File-based connectors cover Excel workbooks (.xlsx), CSV exports, JSON files, and XML datasets. These sources connect directly without requiring server infrastructure, database credentials, or gateway configuration.
Files stored on OneDrive or SharePoint support automatic hourly refresh. Power BI detects file updates and rebuilds the semantic model without manual intervention. In 2026, Power BI Desktop uses a modernized file picker experience as the default, replacing the legacy interface that was retired in April 2026. Files stored on a local drive do not support automatic cloud refresh.
Relational databases store structured transactional data, orders, customers, inventory, and financial records, and Power BI connects natively to SQL Server, MySQL, PostgreSQL, Oracle, and Microsoft Access without requiring any file export.
For databases hosted on local servers, the Power BI On-Premises Data Gateway is required. The gateway functions as a secure, encrypted tunnel between the on-premises database and the Power BI cloud service. Without a running gateway, scheduled refreshes fail, and no on-premises data can be reached. The gateway must be installed on a continuously running machine and verified before report development begins.
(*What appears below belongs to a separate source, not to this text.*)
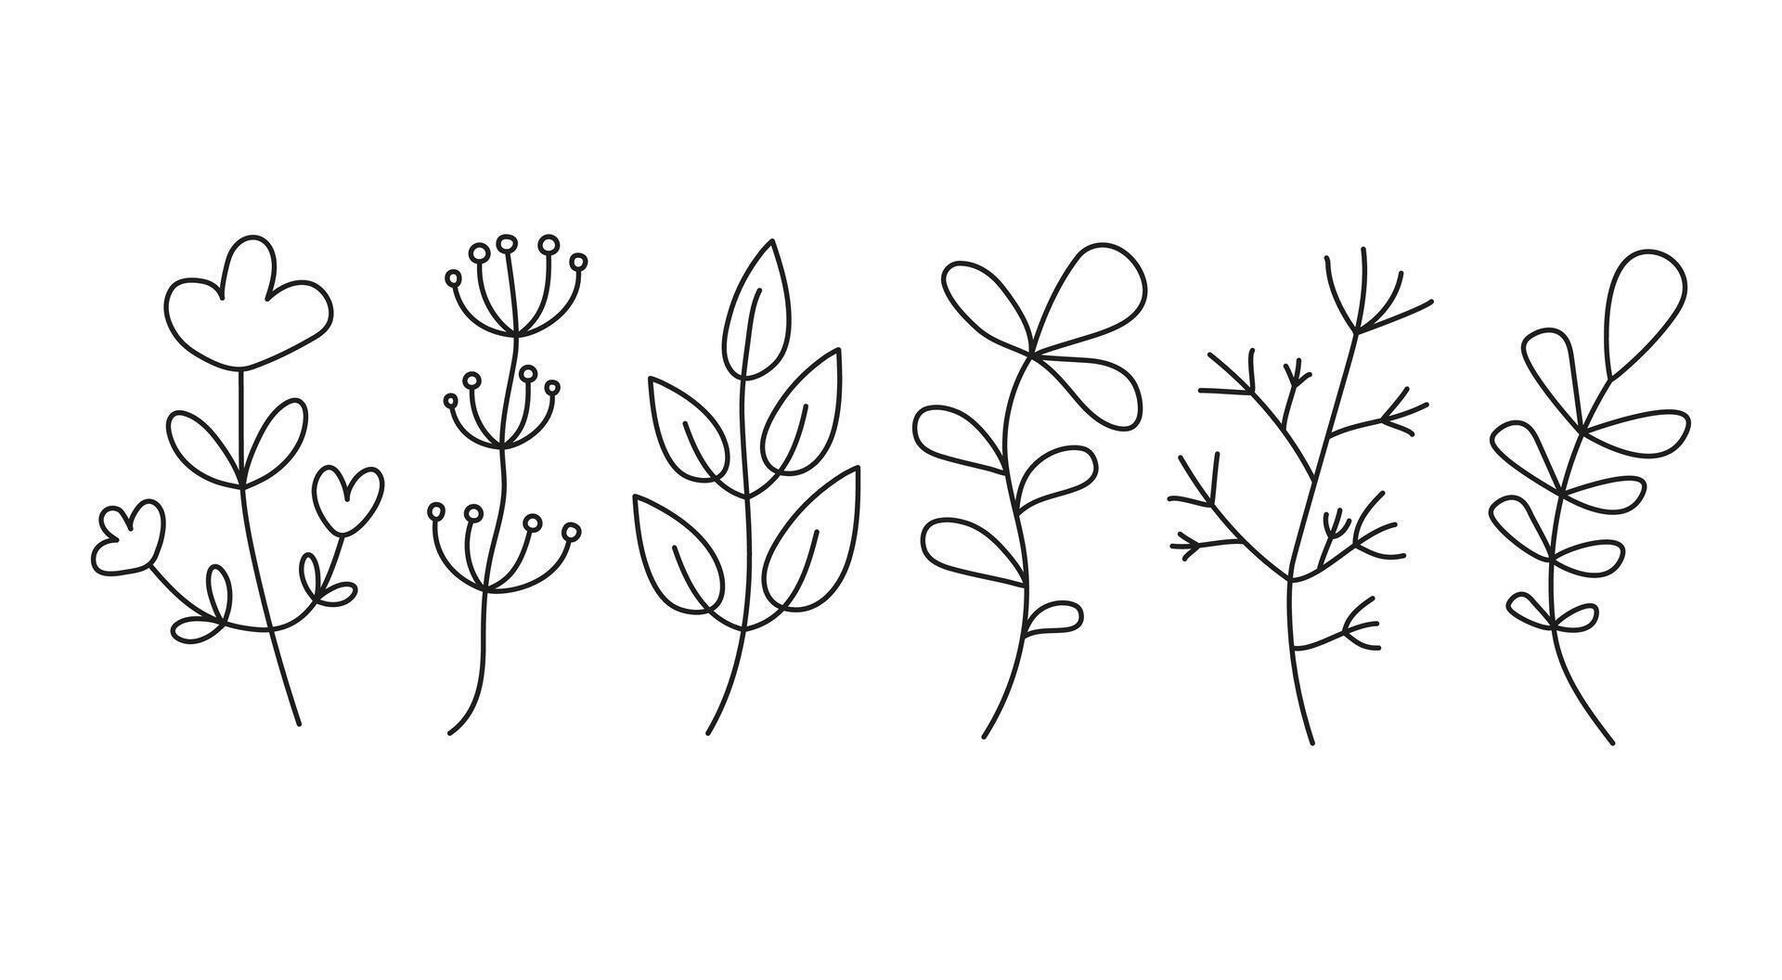 grama, plantar. flor, folha. abstrato flores rabisco, esboço, simples desenhos, linear ícones. vetor

Note: The Simba Vertica ODBC driver began its deprecation in February 2026. Organizations using the Vertica connector should transition to the updated Vertica ODBC driver, which is generally available and continues to receive investment.
Cloud-hosted data warehouses, including Azure SQL Database, Azure Synapse Analytics, Google BigQuery, Amazon Redshift, Snowflake, and Databricks, connect natively to Power BI without a gateway, because both systems operate within cloud infrastructure.
Microsoft's Azure ecosystem provides the deepest integration, including Single Sign-On (SSO) authentication, role-based access control inheritance, and Direct Lake mode through Microsoft Fabric. Direct Lake reads data directly from OneLake Microsoft Fabric's unified storage layer, delivering Import Mode query speeds without physically duplicating data into Power BI's internal storage engine. In 2026, Direct Lake also supports calculated columns in preview, enabling more advanced in-place modeling directly on OneLake data.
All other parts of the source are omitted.